Już piąty rok z rzędu maleje liczba ludności w Polsce. Dzieje się tak mimo zakładania rodzin przez osoby z wyżu demograficznego z przełomu lat 70 i 80 XX wieku.
Wstępne szacunku Głównego Urzędu Statystycznego mówią, że pod koniec czerwca 2016 roku ludność Polski liczyła 38 milionów 422 tysięcy ludzi. To o mniej niż pod koniec 2015 roku i o 27 tysięcy mniej niż przed rokiem. Jest to skutek tego, że w pierwszych 6 miesiącach 2016 roku liczba zgonów w Polsce była niemal o 9 tysięcy wyższa niż liczba urodzonych dzieci. Dzieje się tak, mimo że w pierwszym półroczu przyszło na świat 191 tysięcy nowych Polaków, czyli o 10 tysięcy więcej niż w 2015 roku.
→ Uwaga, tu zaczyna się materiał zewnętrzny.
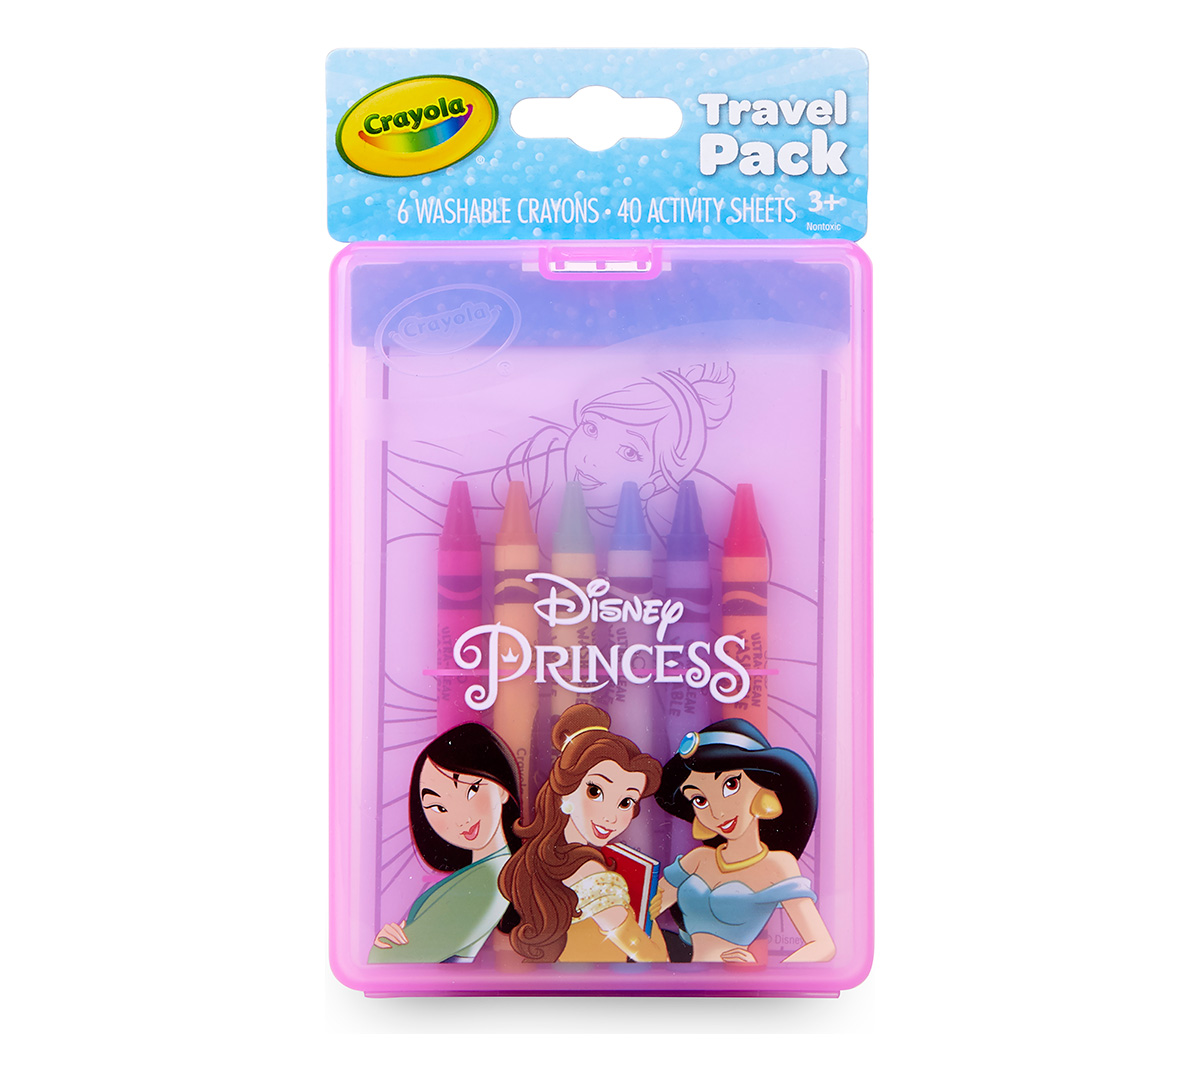 Princess Travel Pack

Doktor Agata Zygmunt z Uniwersytetu Śląskiego wyjaśniła na łamach „Dziennika Gazety Prawnej”, że taki wzrost narodzin to najprawdopodobniej skutek decyzji trzydziestokilkulatków z Polski, którzy podjęli decyzję o założeniu rodziny. Odzwierciedlają to statystyki GUS-u, gdyż od stycznia do końca czerwca 2016 roku zawarto w Polsce 74 tysiące małżeństw, czyli o 5 tysięcy więcej niż rok wcześniej.